SWISSINFO PDF-embedded importer

This importer is a special case of PDF-embedded OCR which has been extracted into a custom JSON format. It was developed to handle OCR radio-bulletin data in PDF format provided by Memoriav from the Swissinfo collection of World-War II radio-bulletins.

SWISSINFO Custom classes

This module contains the definition of the SWISSINFO importer classes.

class text_preparation.importers.swissinfo.classes.SwissInfoRadioBulletinIssue(issue_dir: IssueDir)

Radio-Bulletin Issue for SWISSINFO’s OCR format.

Parameters:: issue_dir (IssueDir) – Identifying information about the issue.

id

Canonical Issue ID (e.g. SOC_CJ-1940-01-05-a).

Type:: str

edition

Lower case letter ordering issues of the same day.

Type:: str

alias

Media title unique alias (identifier or name).

Type:: str

path

Path to directory containing the issue’s OCR data.

Type:: str

date

Publication date of issue.

Type:: datetime.date

issue_data

Issue data according to canonical format.

Type:: dict[str, Any]

pages

list of :obj: SwissInfoRadioBulletinPage instances from this issue.

Type:: list

class text_preparation.importers.swissinfo.classes.SwissInfoRadioBulletinPage(_id: str, number: int)

Radio-Bulletin Page for SWISSINFO’s OCR format.

Parameters:

_id (str) – Canonical Page ID (e.g. GDL-1900-01-02-a-p0004).
number (int) – Page number.

id

Canonical Page ID (e.g. SOC_CJ-1940-01-05-a-p0001).

Type:: str

number

Page number.

Type:: int

page_data

Page data according to canonical format.

Type:: dict[str, Any]

issue

Radio Bulleting issue this page is from.

Type:: CanonicalIssue

path

Path to the jp2 page file.

Type:: str

add_issue(issue: CanonicalIssue) → None

Add to a page object its parent, i.e. the canonical issue.

This allows each page to preserve contextual information coming from the canonical issue.

Parameters:: issue (CanonicalIssue) – Canonical issue containing this page.

parse() → None: Process the page XML file and transform into canonical Page format.

Note

This lazy behavior means that the page contents are not processed upon creation of the page object, but only once the parse() method is called.

SWISSINFO Detect functions

This module contains helper functions to find SWISSINFO OCR data to be imported.

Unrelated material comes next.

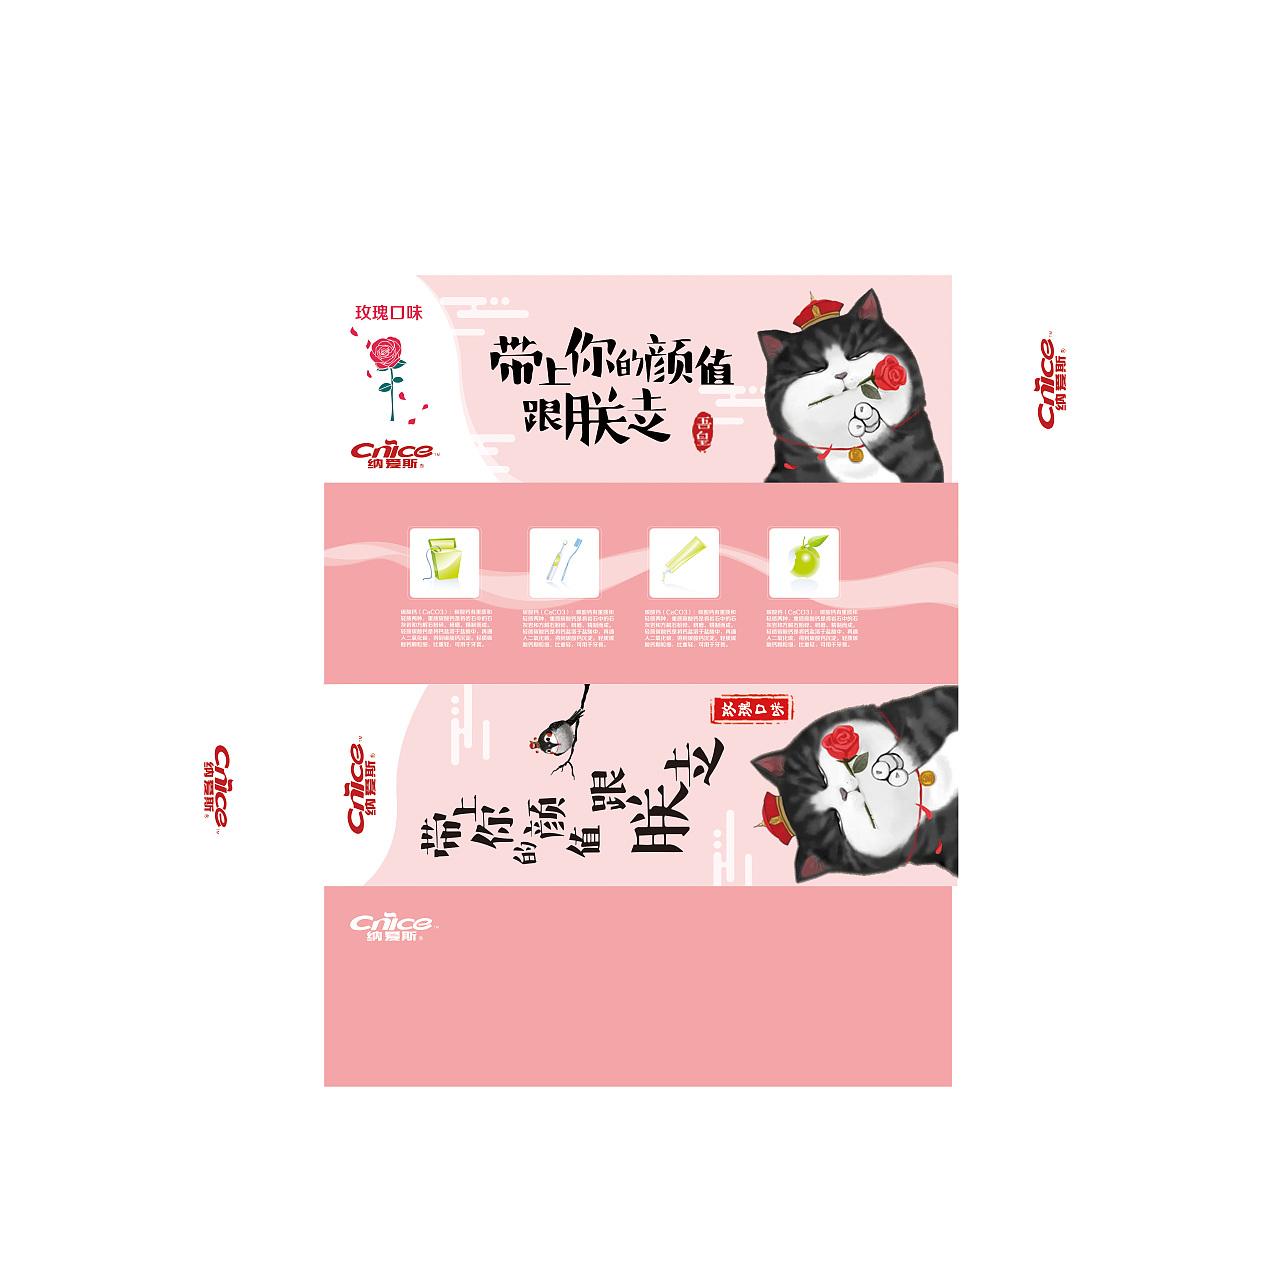 吾皇万岁表情_吾皇万岁牙膏盒-包装|平面|包装|魚板 - 原创作品 - 站酷 (ZCOOL)

text_preparation.importers.swissinfo.detect.SwissInfoIssueDir

A light-weight data structure to represent a radio bulletin issue.

This named tuple contains basic metadata about a newspaper issue. They can then be used to locate the relevant data in the filesystem or to create canonical identifiers for the issue and its pages.

Note

In case of bulletins published multiple times per day, a lowercase letter is used to indicate the edition number: ‘a’ for the first, ‘b’ for the second, etc.

Parameters:

alias (str) – Bulletin alias.
date (datetime.date) – Publication date or issue.
edition (str) – Edition of the newspaper issue (‘a’, ‘b’, ‘c’, etc.).
path (str) – Path to the directory containing the issue’s OCR data.

>>> from datetime import date
>>> i = SwissInfoIssueDir(
    alias='SOC_CJ',
    date=datetime.date(1940, 07, 22),
    edition='a',
    path='./SOC_CJ/1940/07/22/a',
    metadata_file='../data/sample_data/SWISSINFO/bulletins_metadata.json'
)

text_preparation.importers.swissinfo.detect.detect_issues(base_dir: str) → list[IssueDirectory]

Detect SWISSINFO Radio bulletins to import within the filesystem.

This function expects the directory structure that we created for Swissinfo.

Parameters:

base_dir (str) – Path to the base directory of newspaper data.
access_rights (str) – unused argument kept for conformity for now.

Returns:

List of SwissInfoIssueDir instances, to be imported.

Return type:

list[SwissInfoIssueDir]

text_preparation.importers.swissinfo.detect.dir2issue(path: str, metadata_file_path: str) → IssueDirectory | None

Create a SwissInfoIssueDir object from a directory.

Note

This function is called internally by detect_issues

Parameters:

path (str) – The path of the issue.
access_rights (dict) – Dictionary for access rights.

Returns:

New SwissInfoIssueDir object.

Return type:

SwissInfoIssueDir | None

text_preparation.importers.swissinfo.detect.select_issues(base_dir: str, config: dict) → list[IssueDirectory] | None

Detect selectively newspaper issues to import.

The behavior is very similar to detect_issues() with the only difference that config specifies some rules to filter the data to import. See this section for further details on how to configure filtering.

Parameters:

base_dir (str) – Path to the base directory of newspaper data.
config (dict) – Config dictionary for filtering.

Returns:

List of SwissInfoIssueDir to import.

Return type:

list[SwissInfoIssueDir] | None

SWISSINFO helper functions

Helper functions to parse SWISSINFO OCR files.

text_preparation.importers.swissinfo.helpers.compute_agg_coords(all_coords: list[list[int]]) → list[int]

Compute the coordinates of a paragraph from the coordinates of its lines.

Parameters:: all_coords (list[list[int]]) – All line coordinates to merge into one block.
Returns:: Line coordinates merged into one region block.
Return type:: list[int]

text_preparation.importers.swissinfo.helpers.parse_lines(blocks_with_lines: dict, pg_id: str, pg_notes: list[str]) → tuple[list[list[int]], list[dict]]

Parse the blocks from the OCR to extract the lines of text.

Parameters:

blocks_with_lines (dict) – All blcoks with text lines extracted from the PDF OCR.
pg_id (str) – Canonical ID of the page the text is on.
pg_notes (list[str]) – Notes of the page, to store potential issues found.

Returns:

Parsed text line corresponding to canonical format.

Return type:

tuple[list[list[int]], list[dict]]